### EXERCISE PROMPT
Exactly as written, output the lines below starting from the first and ending with the line that contains "Lighting Island Glass"; omit pictures.

### EXERCISE DATA
[Start of section]

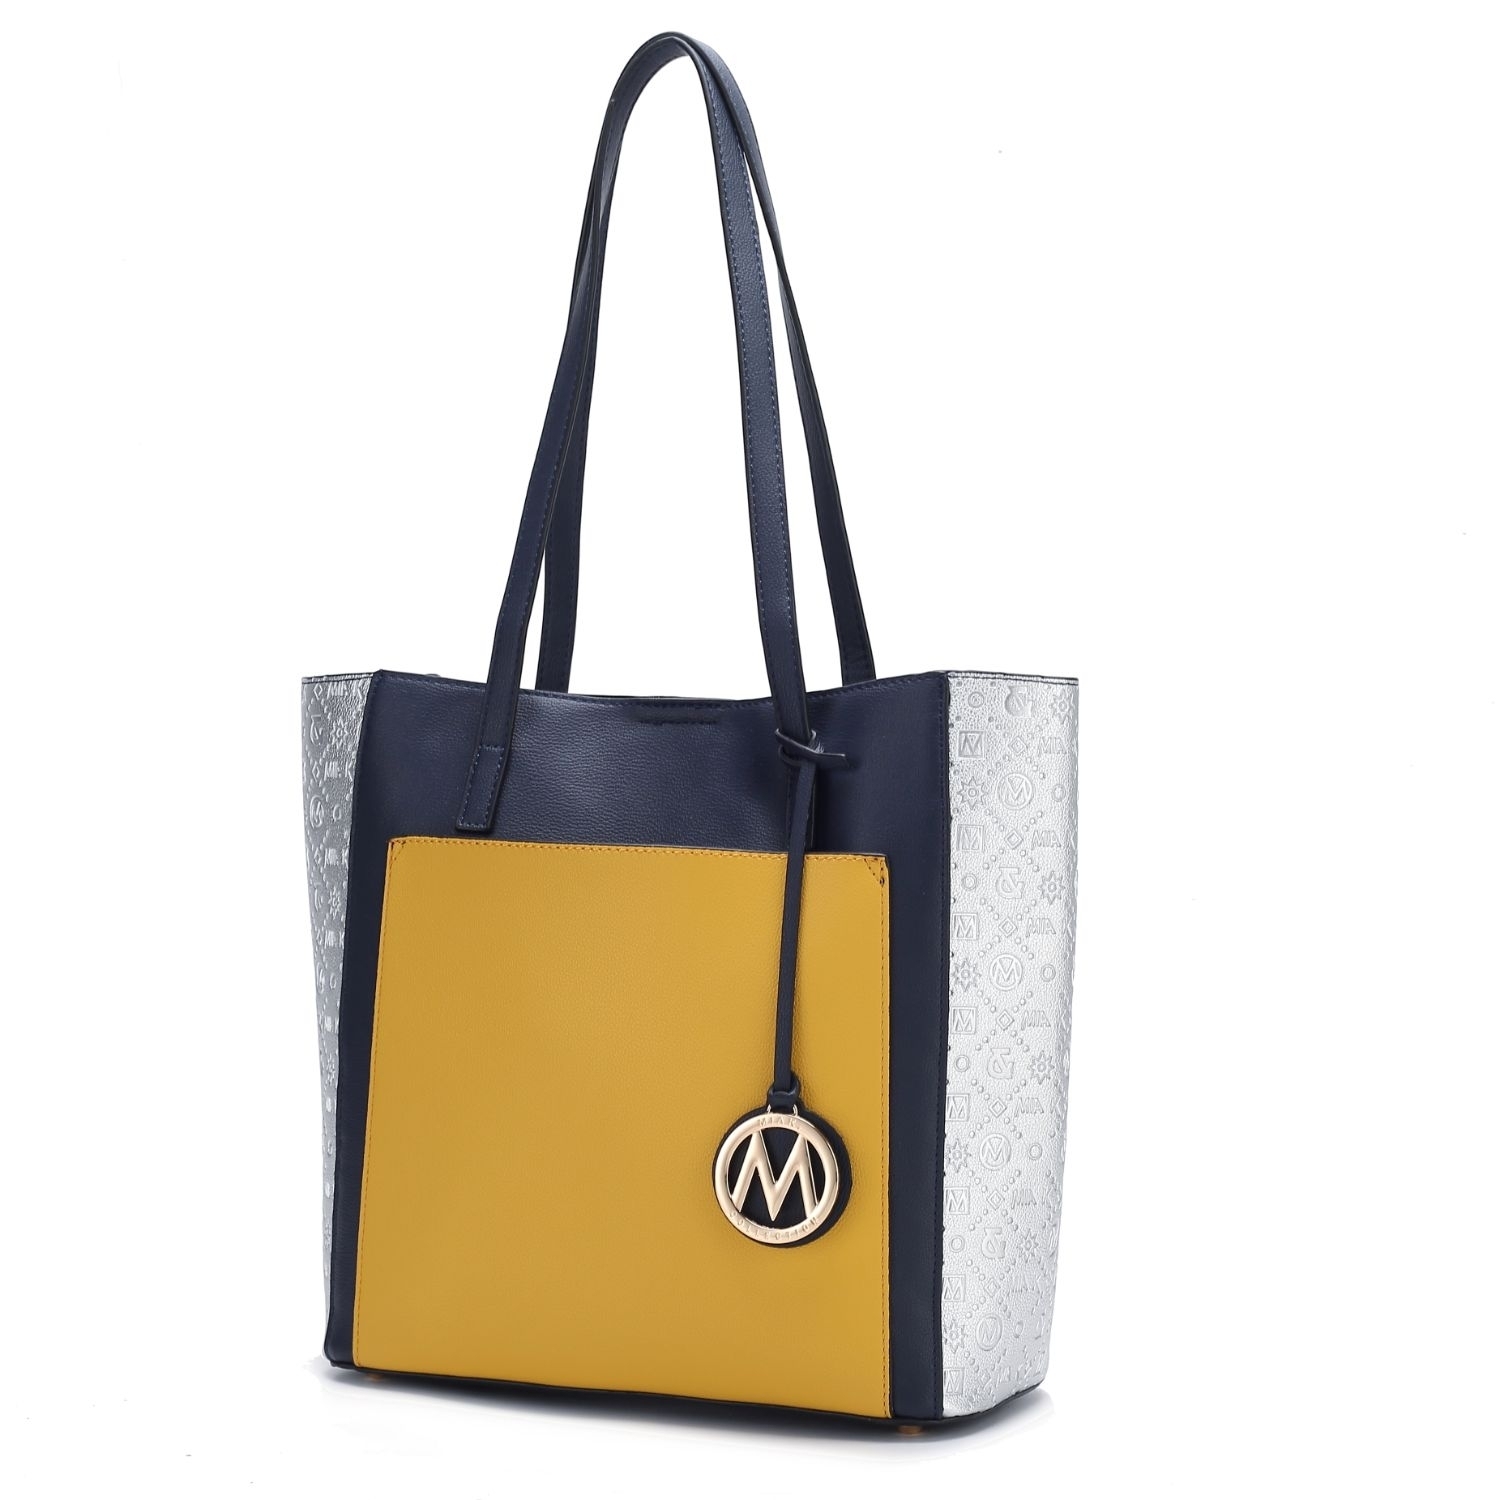 MKF Collection Leah Vegan Leather Color-block Women's Tote Bag By Mia K - Mustard
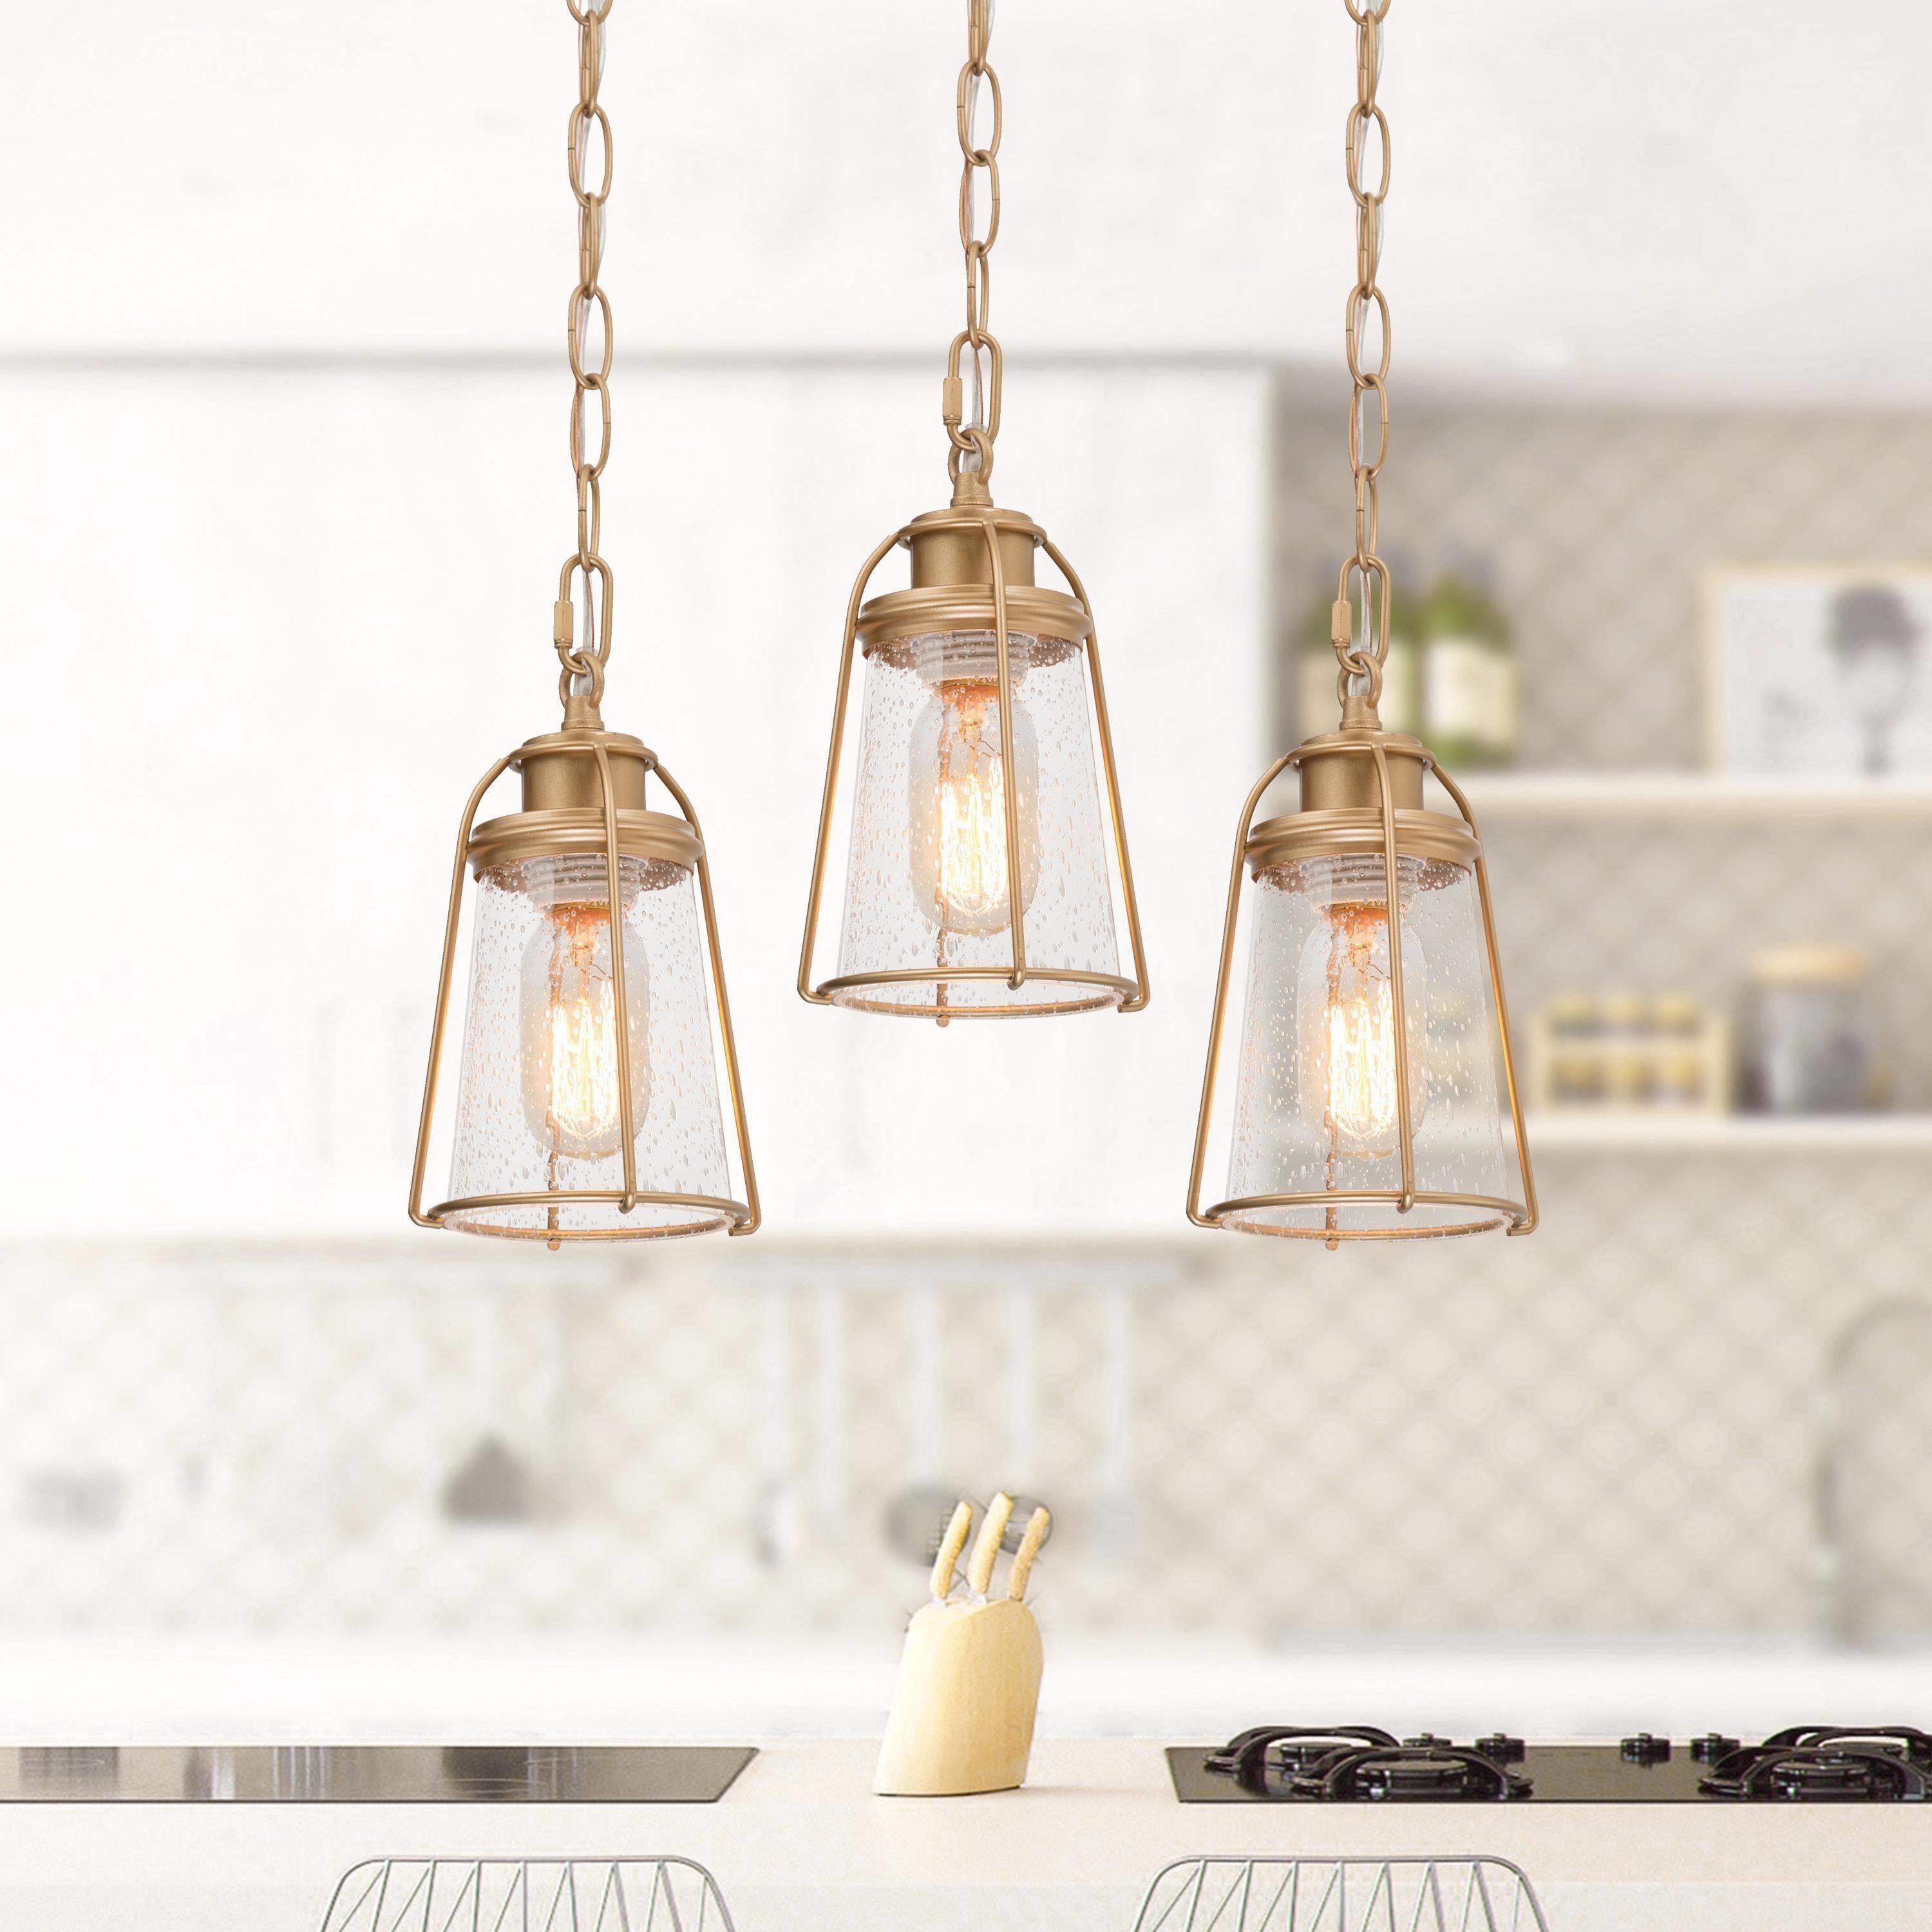 Lighting Island Glass Shade Seeded Hanging Modern/Contemporary the Kitchen Pendant and in Lantern Glass Seeded Gold Light LED department Uolfin Mini Matte at
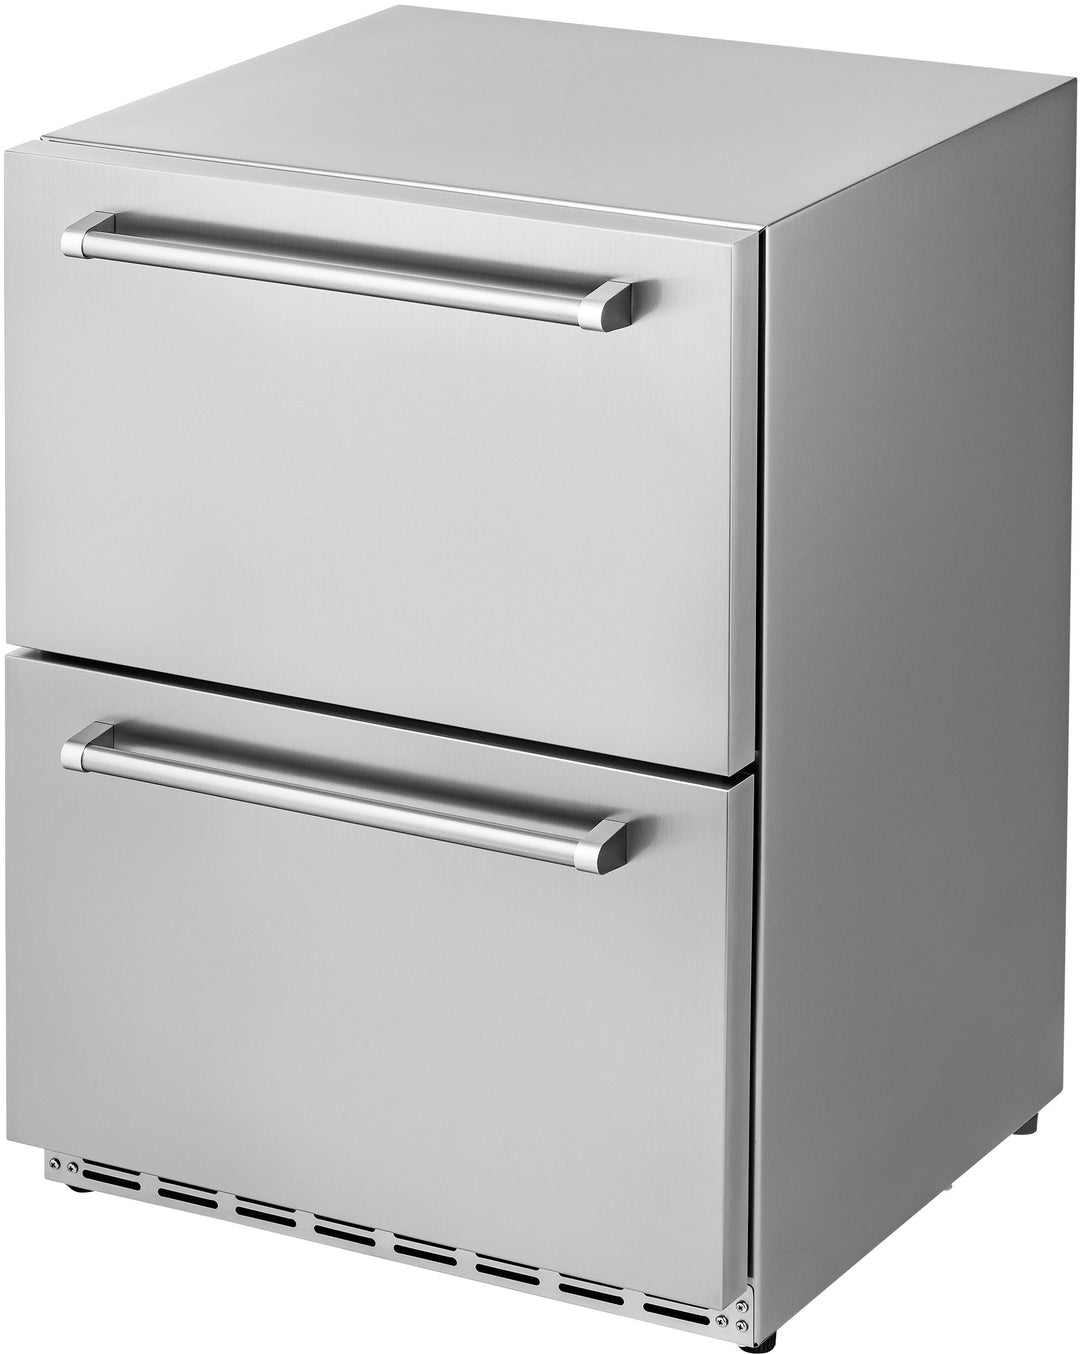 NewAir - 132-Can Built-in Commercial Grade Wine and Beverage Cooler with Dual Drawers - Stainless steel_6

[End of section]

### SOLVED EXERCISE
 MKF Collection Leah Vegan Leather Color-block Women's Tote Bag By Mia K - Mustard
 Lighting Island Glass Shade Seeded Hanging Modern/Contemporary the Kitchen Pendant and in Lantern Glass Seeded Gold Light LED department Uolfin Mini Matte at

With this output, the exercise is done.